NCICD - Jakarta: coastal protection and urban development

Jakarta is used to flooding in the rainy season. In North Jakarta, flooding is set to become the worst in the area due to land subsidence. The average rate of subsidence is 7.5 centimetres per year, but in some coastal areas a subsidence rate of 17 centimetres per year has been measured. This will lead to flooding that will cause damage running into millions of dollars. However, the worst aspect is the fact that the safety of 10 million inhabitants and the sustainable economic development of Indonesia’s national capital are at stake. Indonesia needs to rise to this enormous challenge in order to protect the Jakarta metropolitan area against permanent flooding. Long-term investment is therefore needed to solve this problem.

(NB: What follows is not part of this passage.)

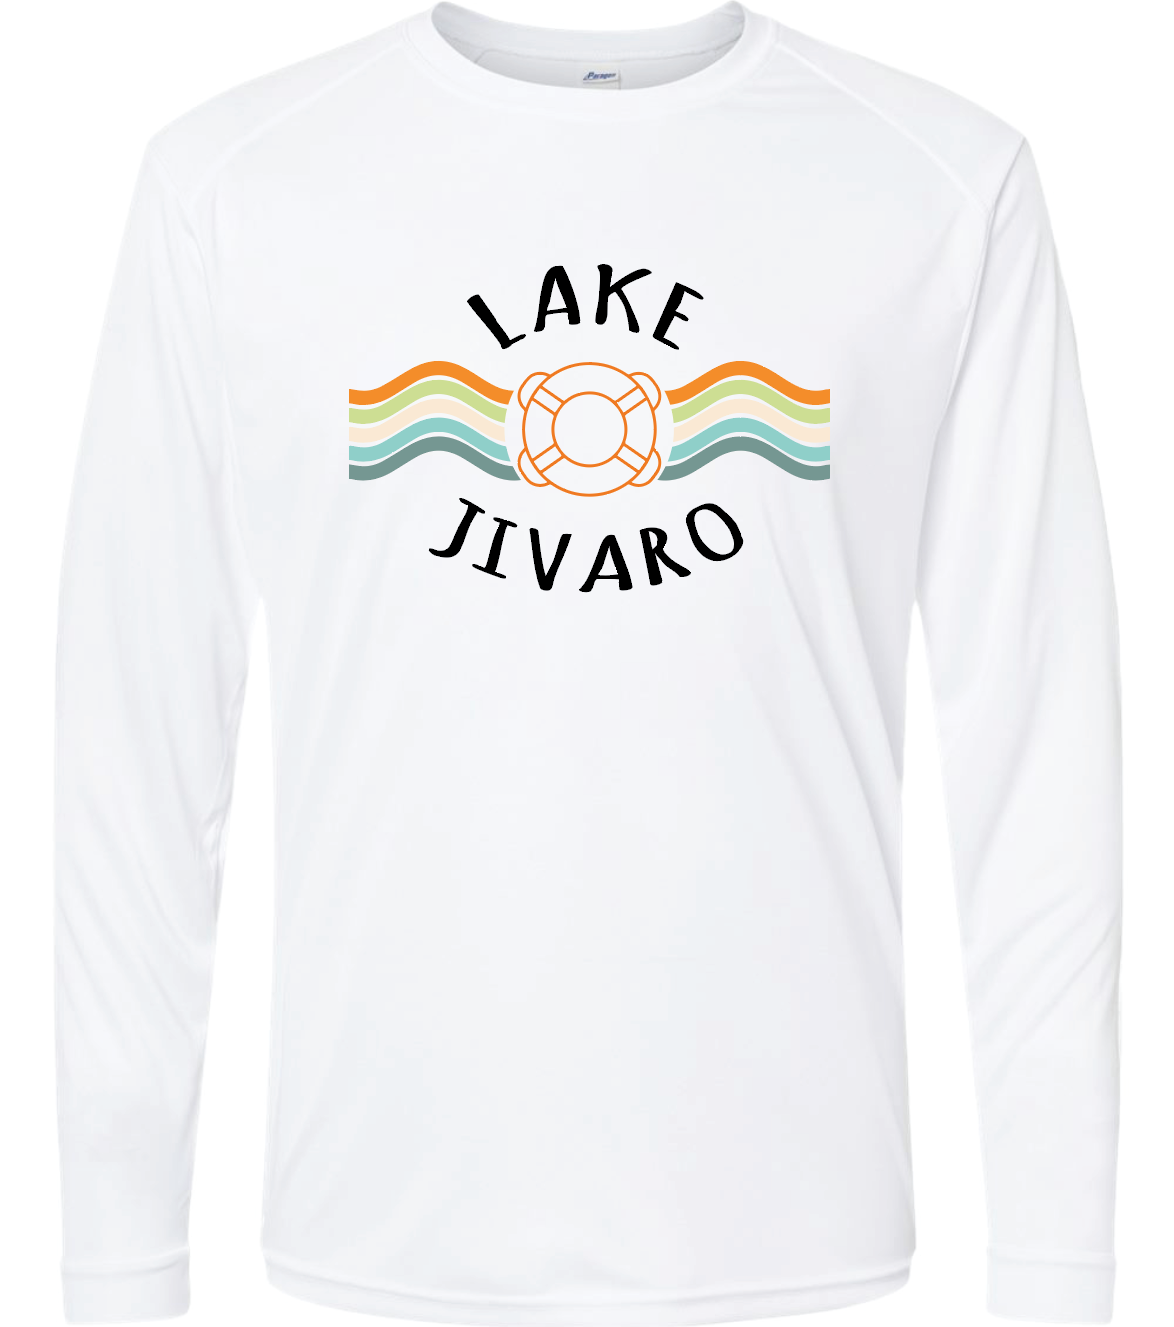 Jivaro Floaty Paragon Performance Long Sleeve T-shirt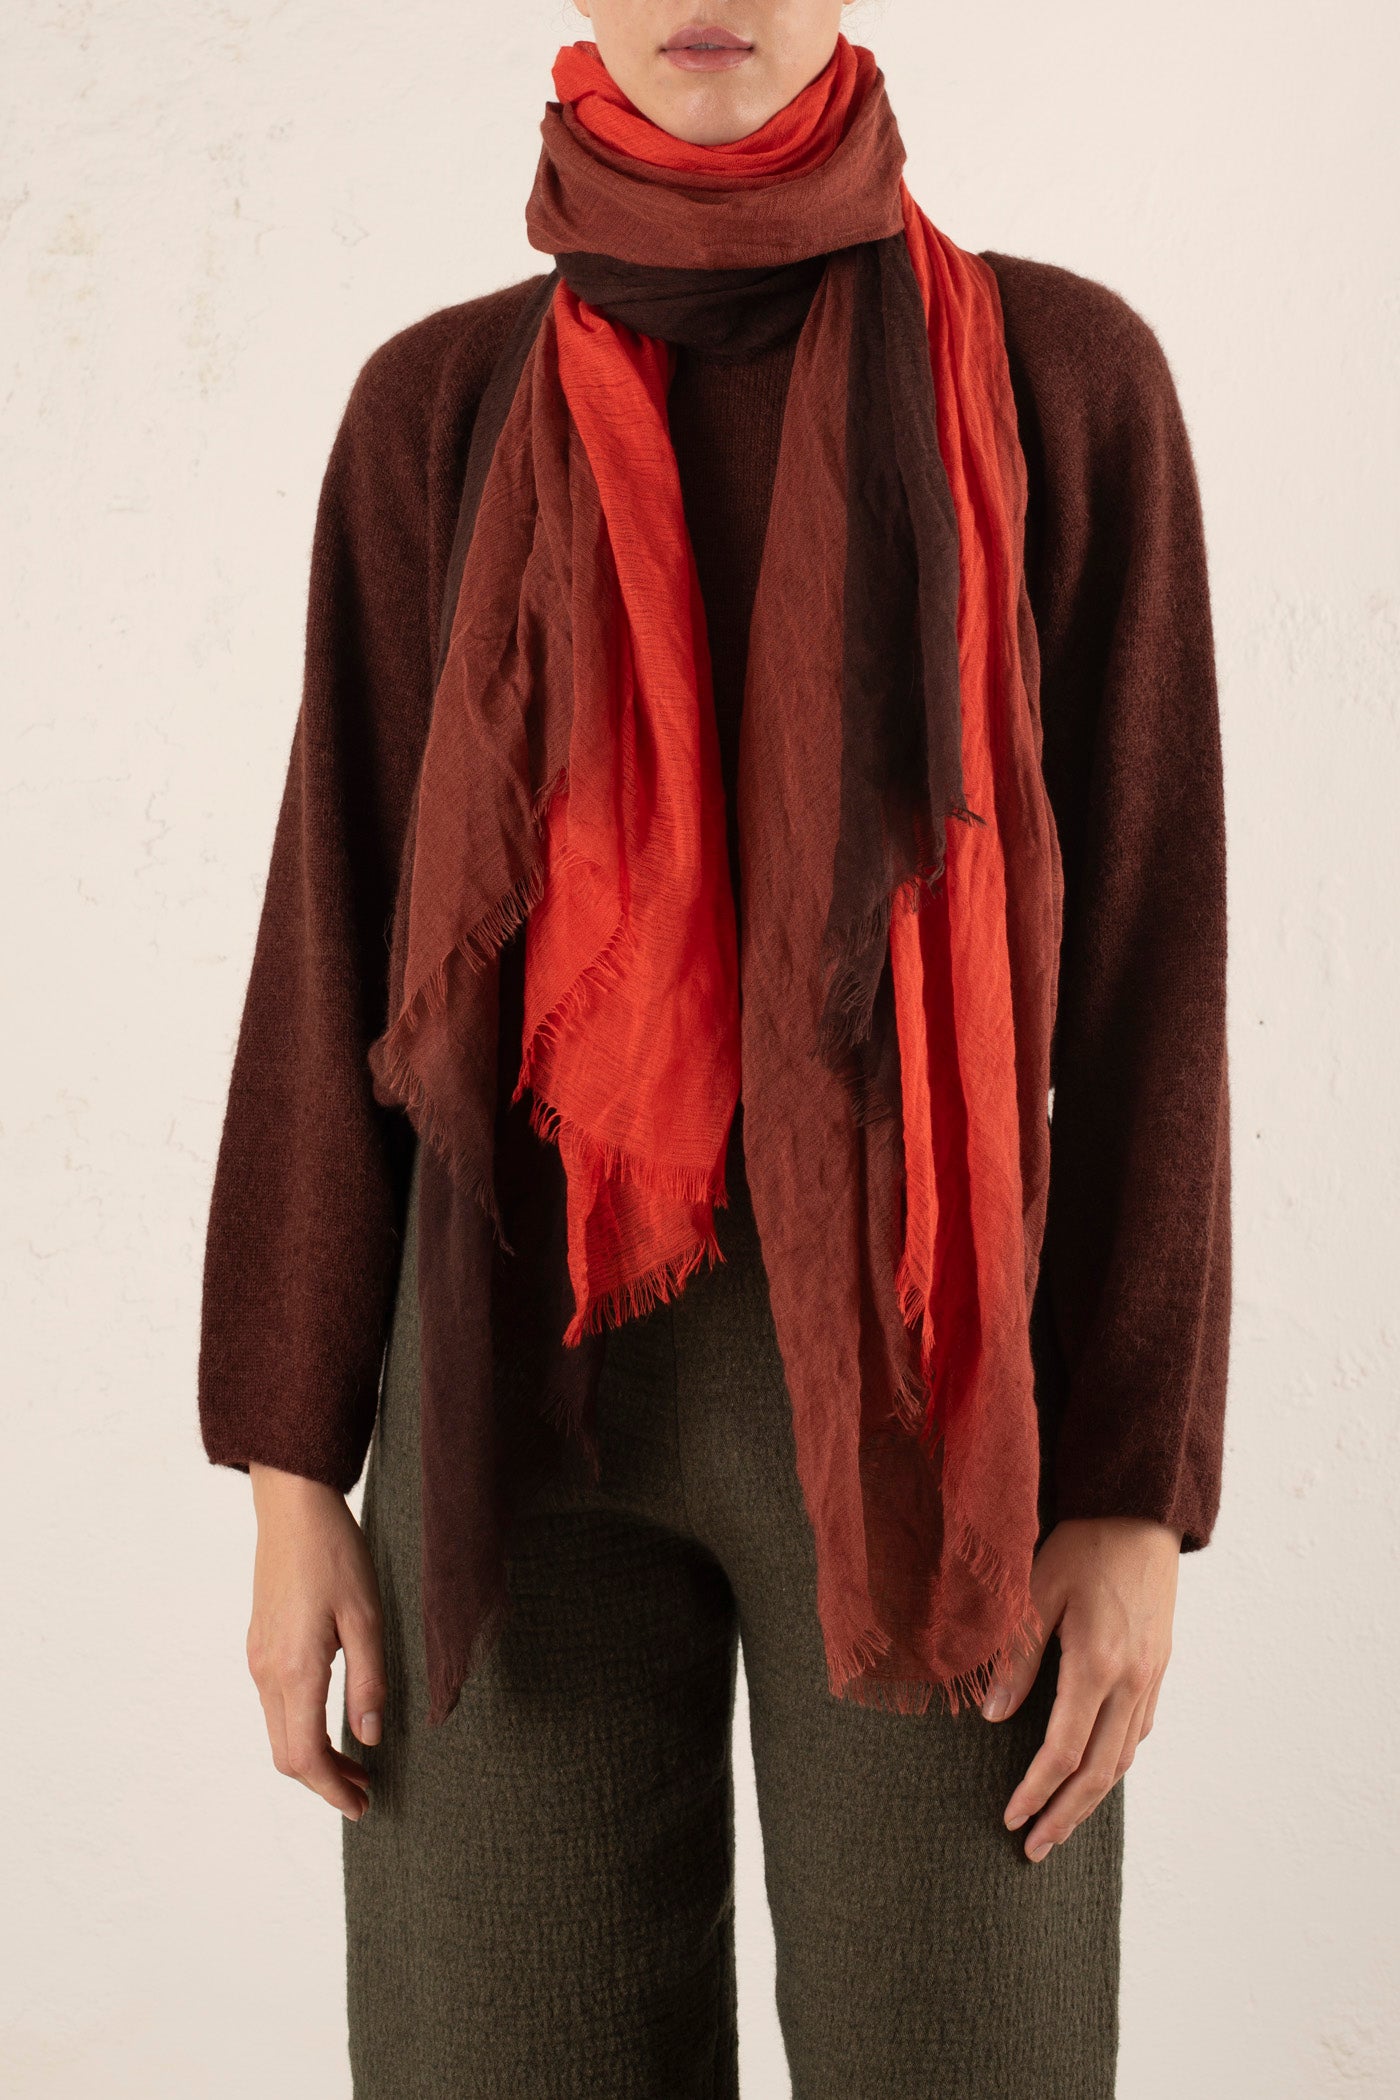 Giuseppe, maroon tricolor foulard

National Capital Integrated Coastal Development (NCICD) is a mega-project which follows on from the Jakarta Coastal Defence Strategy Project (JCDS) in responding to the urgency of the extreme land subsidence that is happening in the northern part of Jakarta. Its objective is to reduce and prevent floods in the national capital by building three lines of sea defences which will be completed in a period of 20-30 years.

Not only does NCICD aim to provide a solution for the long-term protection of Greater Jakarta against flooding from the sea, but it also provides much more than that: it creates new space in the national capital for over 1.5 million people from all income classes in response to the limited space available in the Jakarta area by providing seaward expansion in a planned manner. It also helps to solve the current connectivity problems in West Java and Banten and addresses many of their current environmental problems. 

Since january 2017 the NCICD project entered its second development stage which should lead to the final investment decision in 2018. In NCICD-2 teams from Korea and Japan joined the consortium under Witteveen+Bos management.